## What the task requires
The required output is the line containing "By Stickley Brothers" followed by each line through the end of the data below, repeated exactly and with nothing added.

BEGIN Supplied records

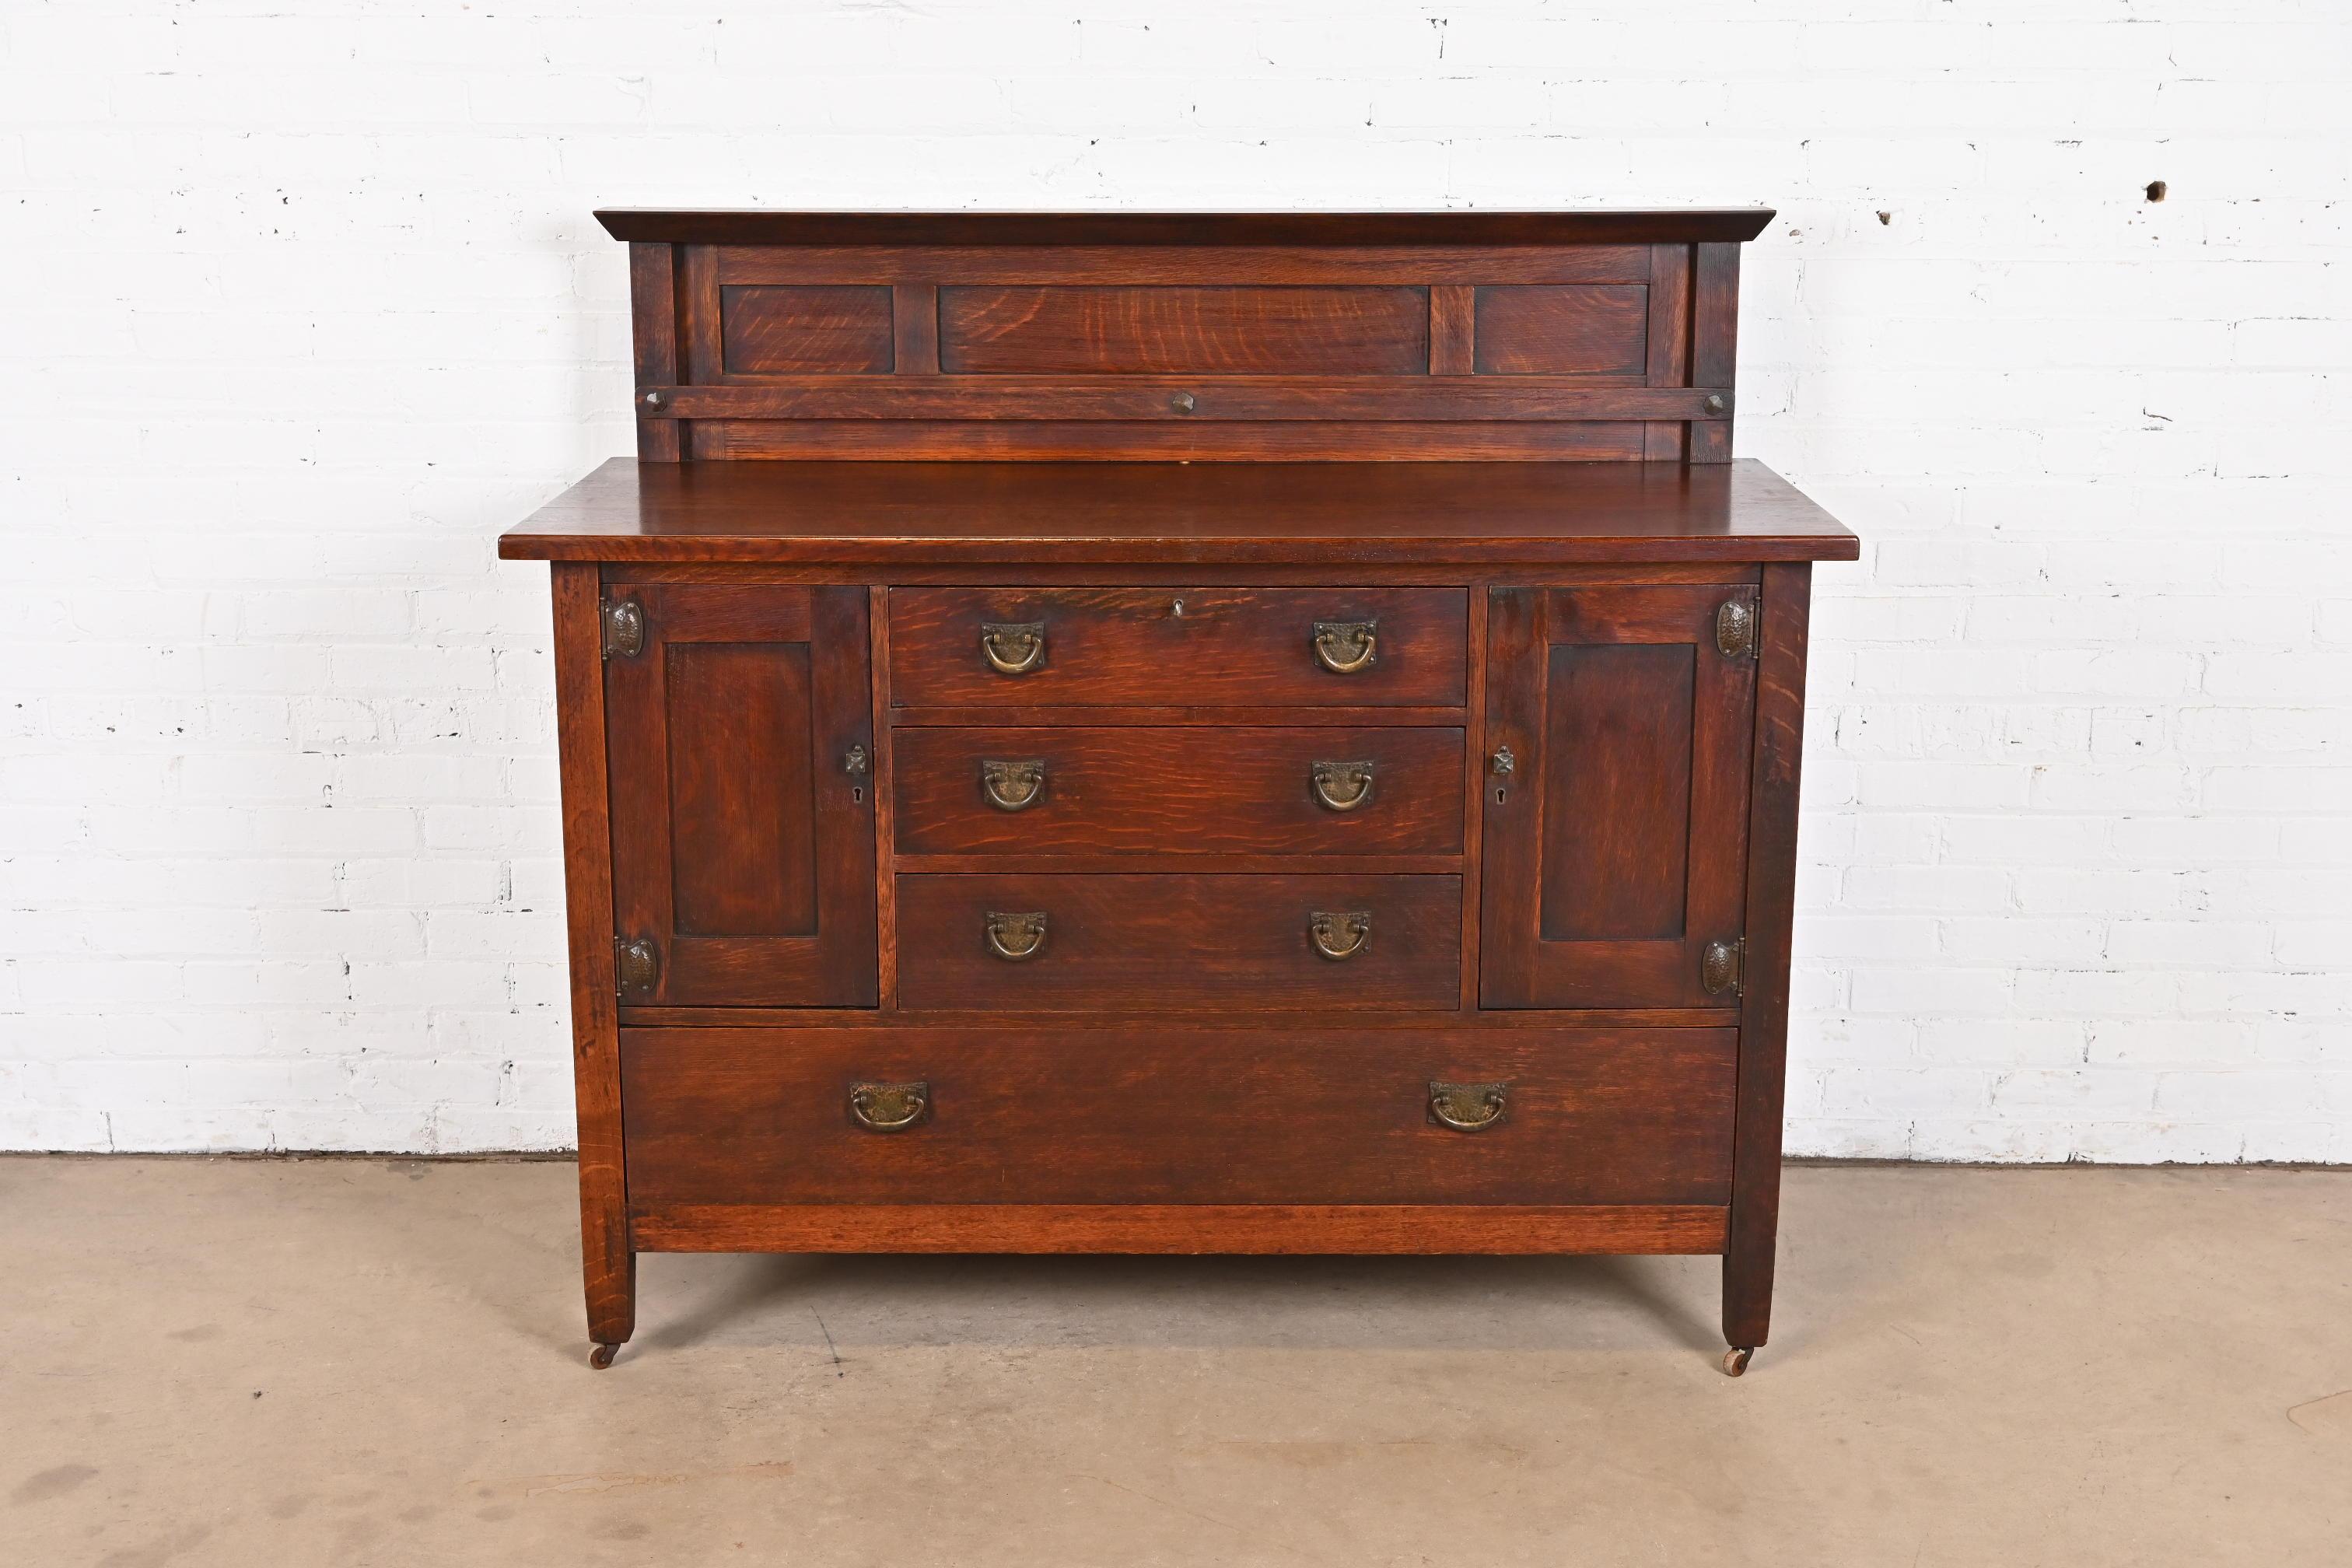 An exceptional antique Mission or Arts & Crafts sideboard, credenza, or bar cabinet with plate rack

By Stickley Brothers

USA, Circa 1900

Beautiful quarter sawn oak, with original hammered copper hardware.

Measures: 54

END Supplied records

## Your response
By Stickley Brothers

USA, Circa 1900

Beautiful quarter sawn oak, with original hammered copper hardware.

Measures: 54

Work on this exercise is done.